Cole: When was the last time you had started a game before this year?

Gordon: Round Rock High School. That was in '97.

Cole: Tell me what you thought about your start tonight.

Gordon: I was very pleased with the start. I went out there and threw strikes. I had command of all my pitches and that was key, especially with all the excitement and all the anxiety going through. I felt like the body was just a little amped up. To be able to command all my pitches, it was huge. I'm big on getting after those hitters and trying to get them to put the ball in play. I was able to do that tonight.

Cole: When I saw you in Frisco, your fastball was generally at 88 out of the bullpen and you were up around 90-91 quite a bit tonight. Is that because you were a little bit amped up for tonight's start?

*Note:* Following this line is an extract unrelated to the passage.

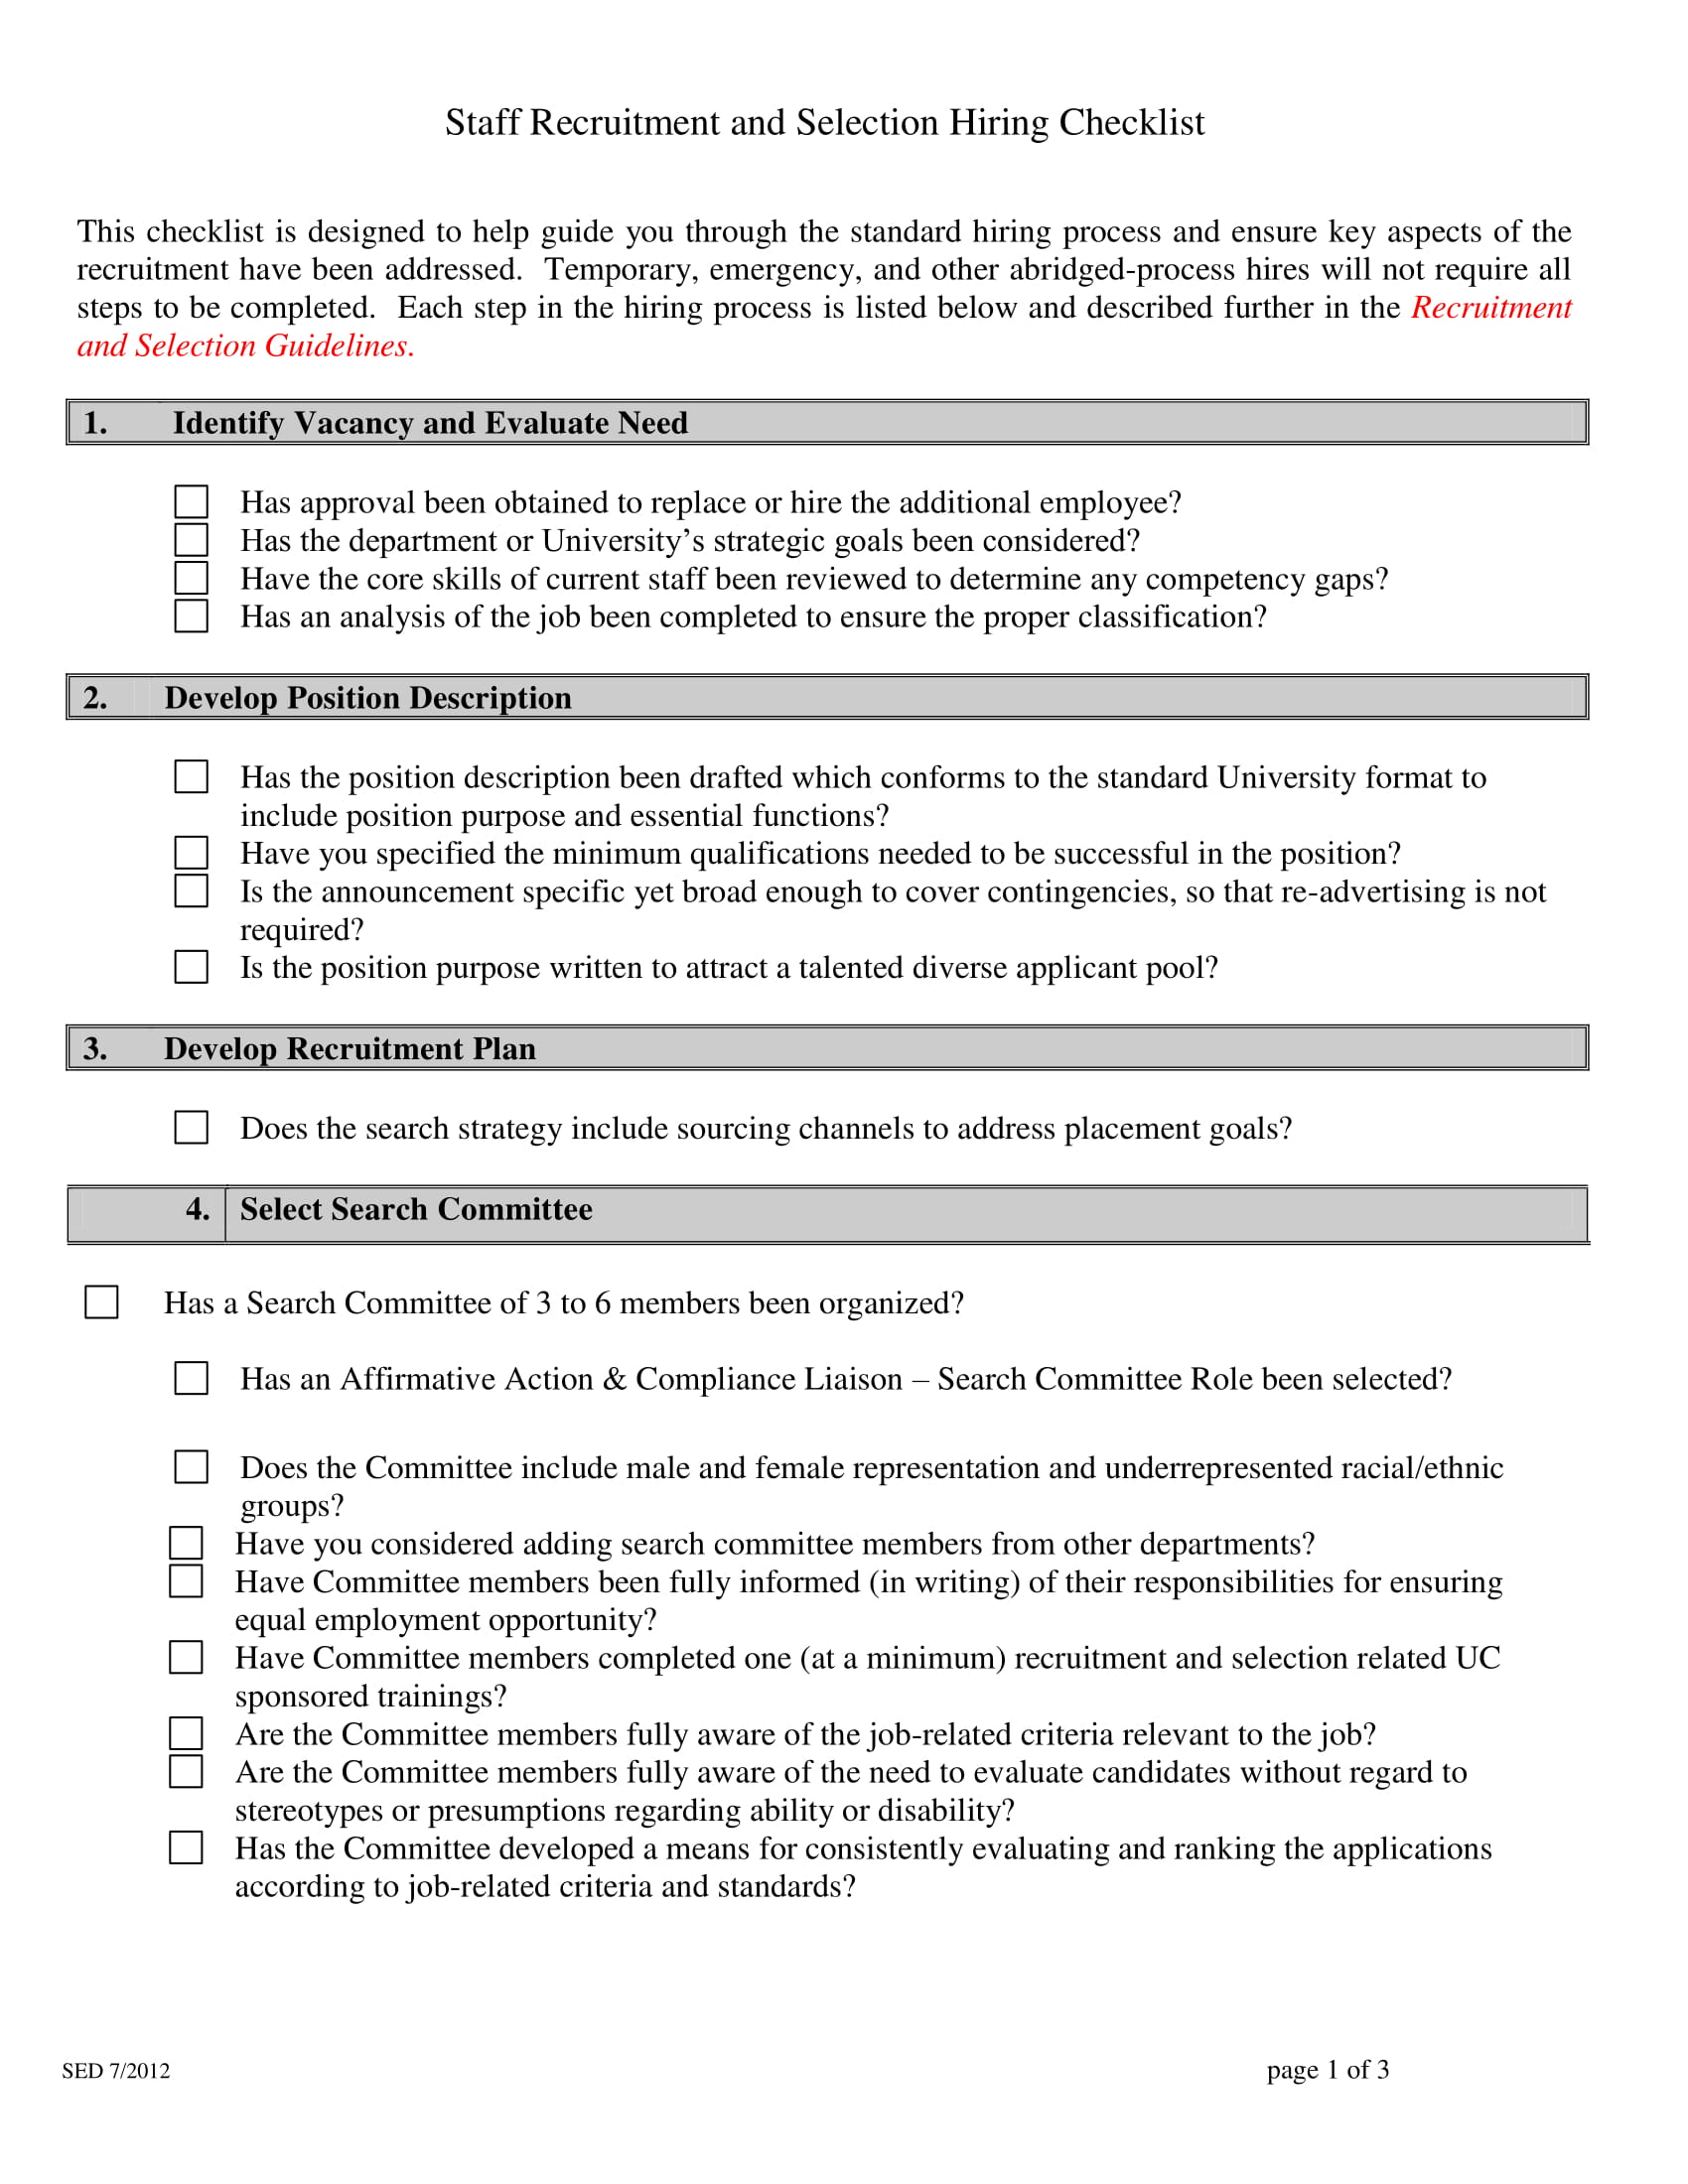 staff recruitment and selection hiring checklist example

Gordon: I don't know, it could be. It very well could be. I'm definitely throwing a lot more and I'm getting loose quick. The longer I throw – they say your arm gets stronger as you go. The crowd got into it, playing at home – I'm sure that had a lot to do with it. But yeah, that's not my game. 90-91, that's certainly not going to blow anybody away. I think as long as I keep hitting my spots, things will be good.

Cole: Tonight in the first inning, you weren't able to get your first couple of curveballs over the plate. After that, it seemed like every curveball you threw was great.

Gordon: Yeah, that was the big thing. One of the toughest things when you've got a lot of anxiety is getting those offspeed pitches because it's a feel. It's a feel pitch. When the body is amped up, you tend to leave pitches up. The more I got out there and the more I threw, I was able to calm down.

Cole: How difficult was that, when you started pitching again, to find your feel of the curveball, the slider, and the changeup?

Gordon: It definitely was. It has been a lot of work. I certainly had a lot of help along the way. Just people stepping up and offering their services. I'm grateful for every one of them.